Adapting to multiculturalism in the workplace

Jul 1, 2020

Adapting to multiculturalism in the workplace... Blog @ TeamUltim

Photo by Dylan Nolte via Unsplash

If you google the definition of the workplace, the search results would most likely say a place where people work. Jeez, thanks Captain Obvious. It’s not very shocking that such a term would have such a bland definition but it certainly raises the following questions.

What does the workplace mean to you? Is it just another place in your life or is it something more?

The workplace is NOT simply a location where people work. It is a melting pot of ideas, opinions and most importantly, it is a melting pot of different cultures working together with a shared goal. We live in 2020 not the 1950s, so it’s very likely that if you’ve ever been employed at least ONCE in your lifetime, you’ve worked with someone from another culture.


We live in an increasingly multicultural world. Immigration has reached new records and more and more places are becoming more racially and culturally diversified. One of these places is the workplace. A very diverse workspace has many benefits but in order to truly take advantage of this diversity, it is crucial that all employees be open to change. Here are a few ways to do so.

1. Be open-minded.

In order to adapt to a pluralistic workspace, you have to be more understanding and more receptive to new ideas from people of different backgrounds.

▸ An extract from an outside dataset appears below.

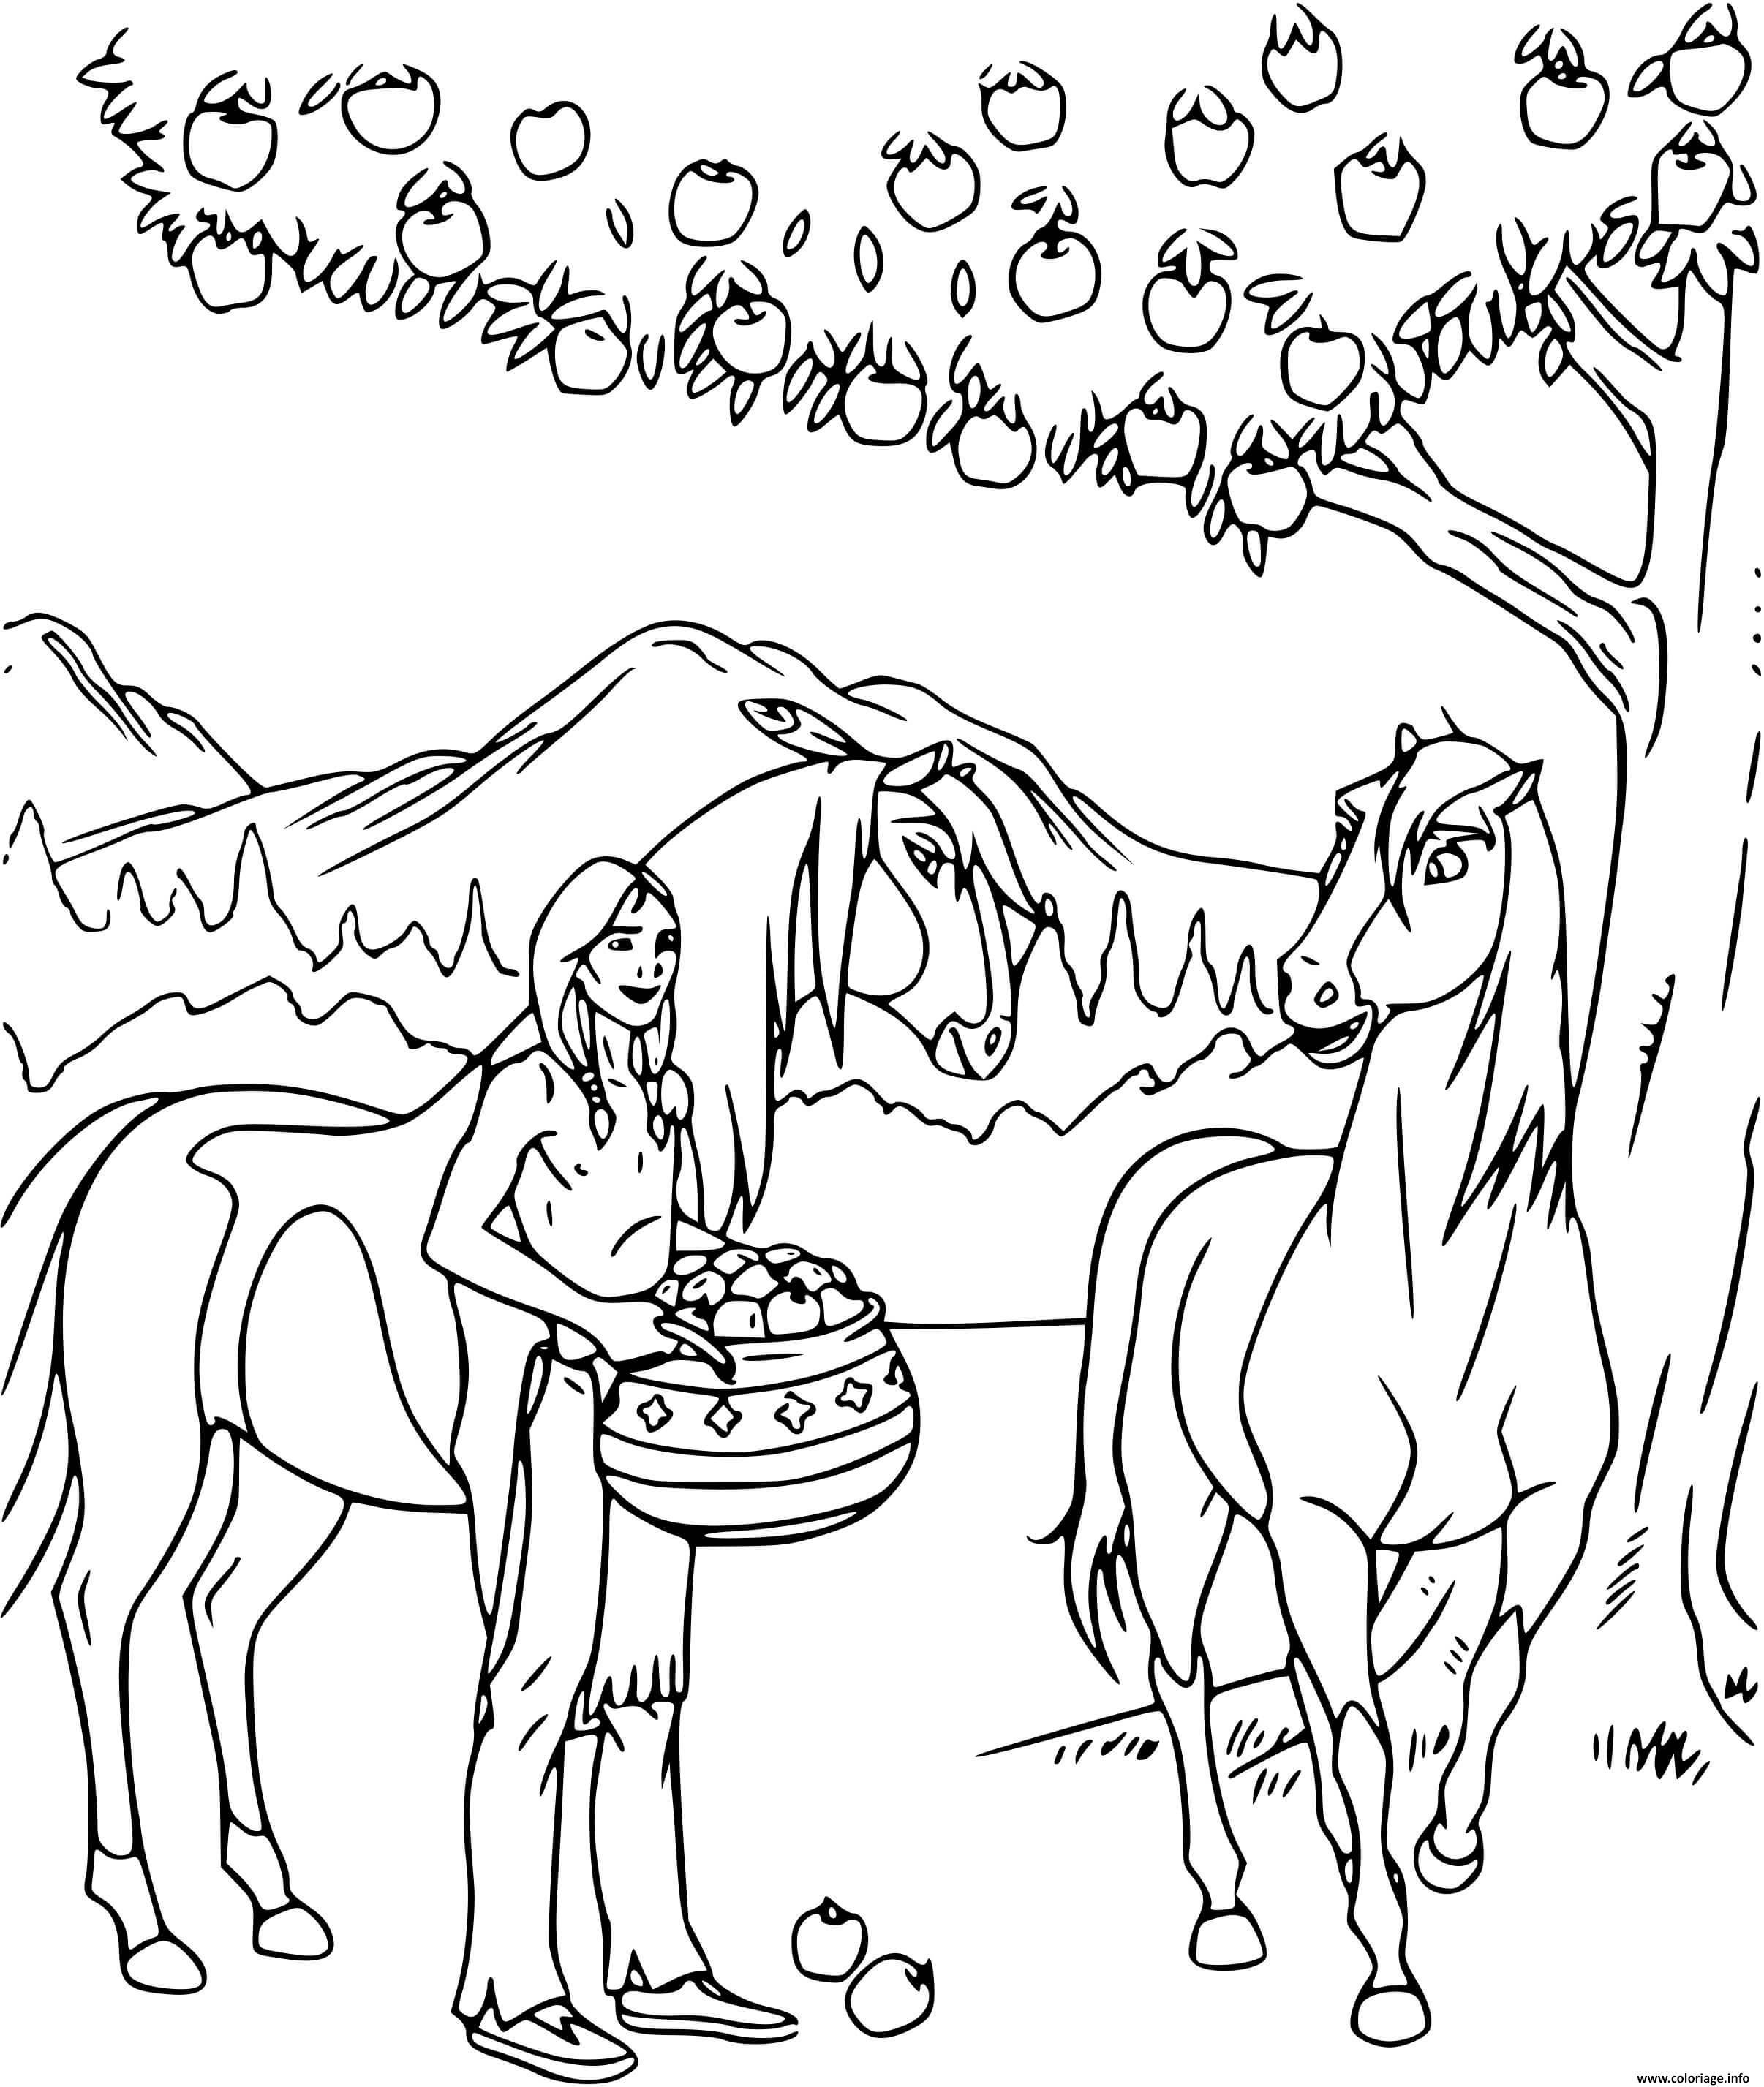 Dessin spirit et les indiens ramassent des pommes Coloriage Gratuit à Imprimer

“In diversity there is strength.” — Maya Angelou.

Dismiss all past stereotypes that you have attached to people of other races and cultures. Most, if not all, stereotypes and stigmas placed upon people of different cultures tend to be untrue, so do not let them cloud your judgement or make you shut someone out because they’re not a carbon copy of you and your beliefs. People from different backgrounds can even teach you new ways to approach obstacles, new strategies and new work habits. Even beyond that, you may even make a new friend that can show you the world through a completely different lens.

2. Create a friendly work climate.

The goal should ALWAYS be to make people feel welcome in the workplace regardless of their religion, colour, race, ethnicity, nationality, etc. Ask yourself these questions.

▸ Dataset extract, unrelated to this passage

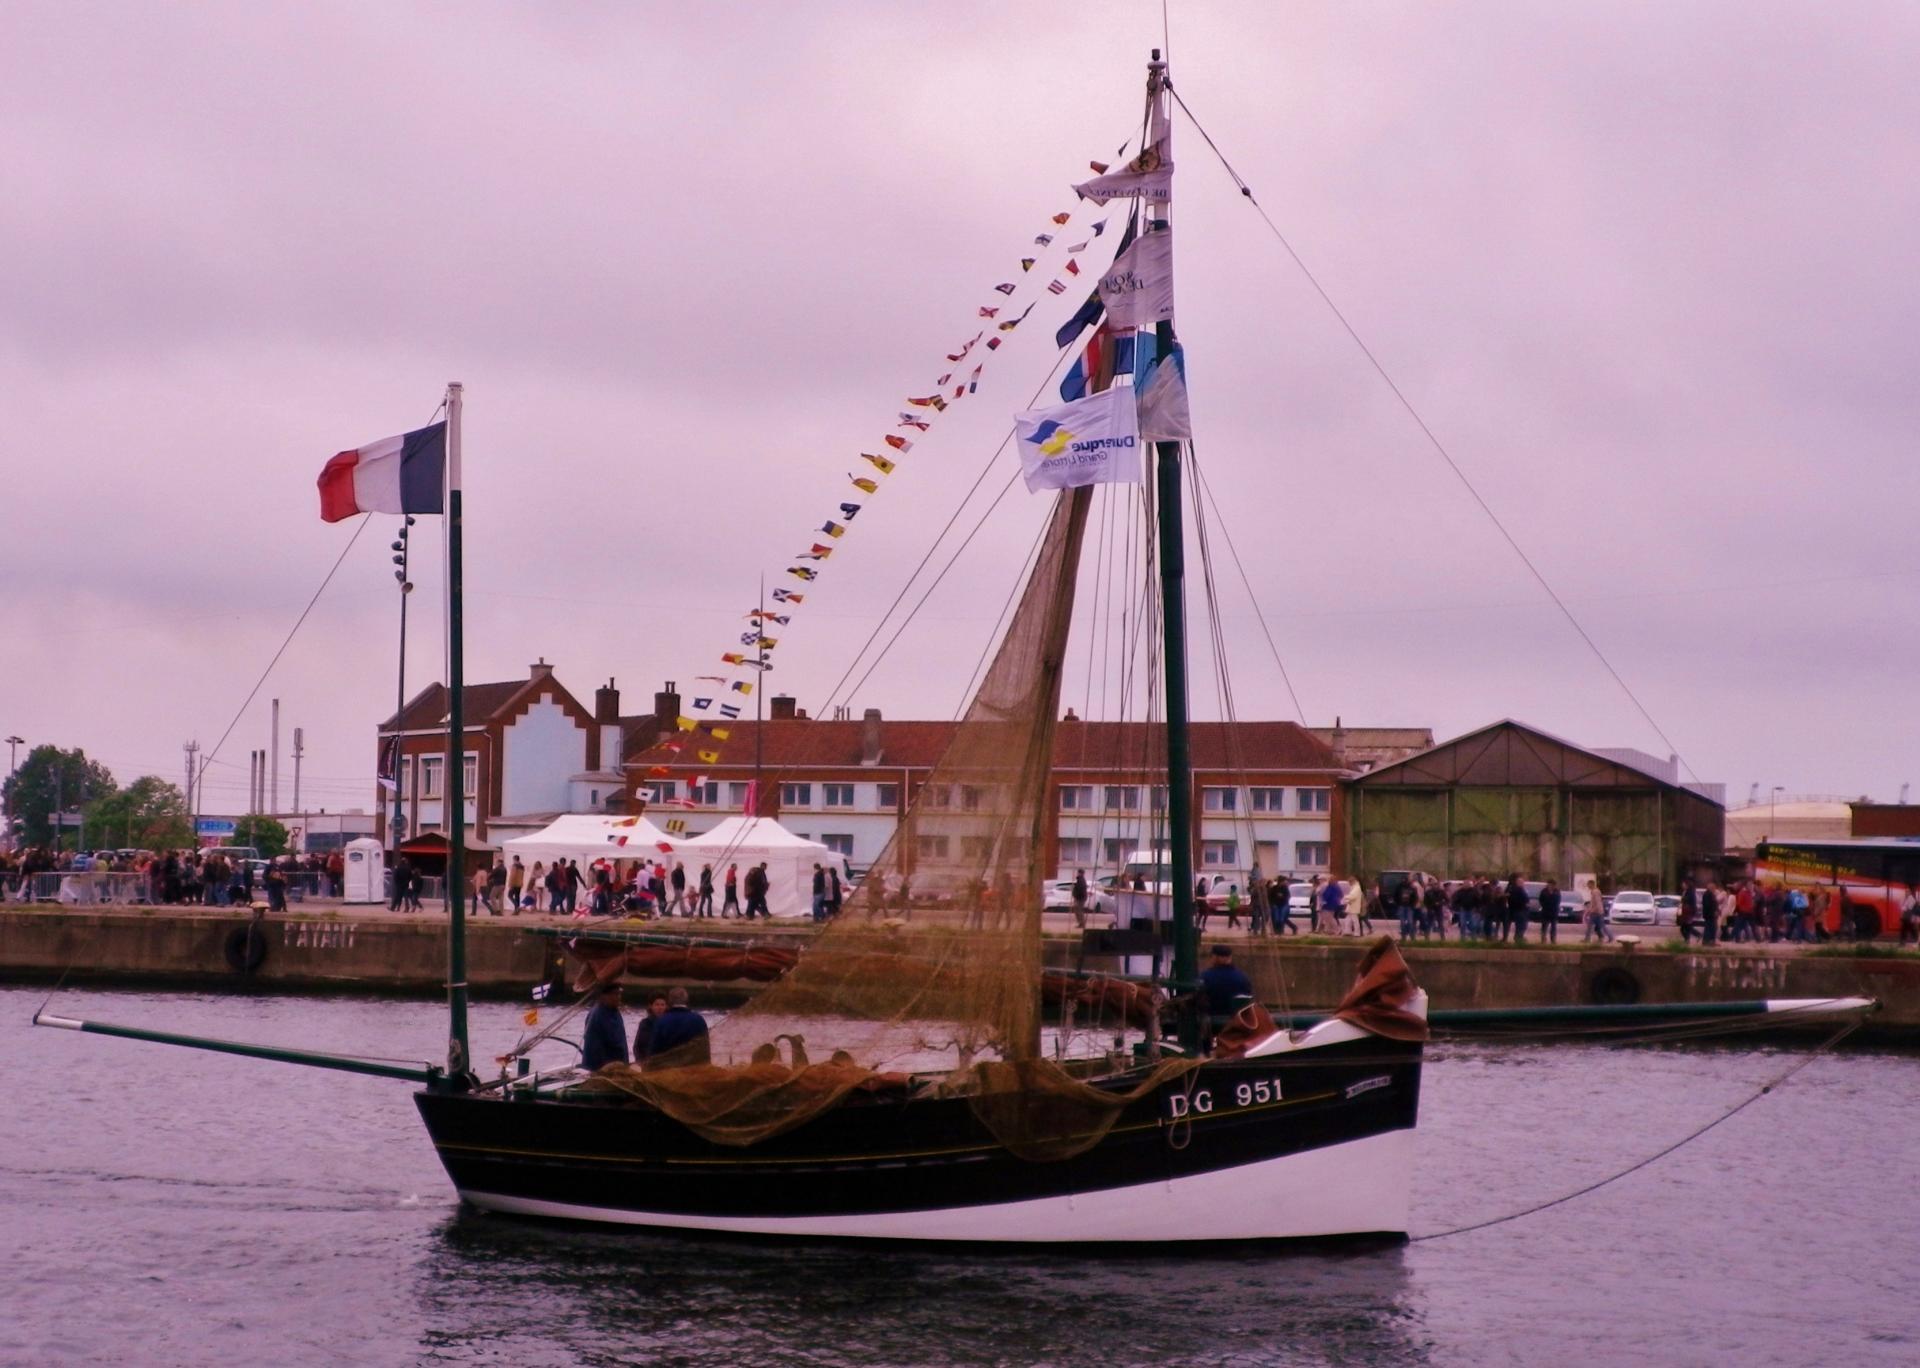 Photo bateau traditionnel cote d'opale

Are you someone that frequently boasts about your culture? Is your culture the predominant one of the country you reside in?

If you answered yes to any of those questions…STOP. Of course there is absolutely nothing wrong with wanting to share your culture, BUT if your culture is the most dominant of your home country, then it’s very likely that everyone is already acquainted with it. Now no one’s saying to do a silent protest, but instead of always making things about you, try to create a friendly atmosphere that would encourage an employee from another culture to share their beliefs and values as well.

3. Build a spirit of teamwork.

Introducing activities to bring employees together can reap excellent results. These activities do not have to be extravagant and can be as simple as a group lunch. These activities build a sense of togetherness and employees that have great bonds with each other, would have a more positive attitude towards their work. This would be a great thing for any business, big or small, because people would happily put more effort into their work as they won’t feel alienated for being different.


As previously mentioned, there are many benefits that come with a diverse work environment. Let’s explore some of these advantages.

1. You learn new things.

People from different backgrounds tend to have a different philosophy. They see things from another perspective. A business can profit from this as they can learn new organizational strategies and workers can even adopt new habits which can lead to an increase in productivity.

2. More clients.

The inclusion of multiple cultures in a business can greatly increase its clientele. If businesses market themselves as inclusive and diverse, people of various backgrounds would see them as safe places. Places where they are welcomed. As a result, if they are ever in need of something they would turn to these businesses for help because of their inclusivity. They would even promote these businesses to their friends and so forth.

3. You become more educated.

As you spend more time getting to know colleagues from different cultures, you learn more about them and others who share their beliefs. You develop a deeper appreciation for others and their differences and you even stop believing most stereotypes.

Multiculturalism is not something to be afraid of. It should be embraced with open arms. To keep up with our constantly changing world and to truly make significant progress as human beings, we also have to evolve our way of thinking towards others we perceive as “different.”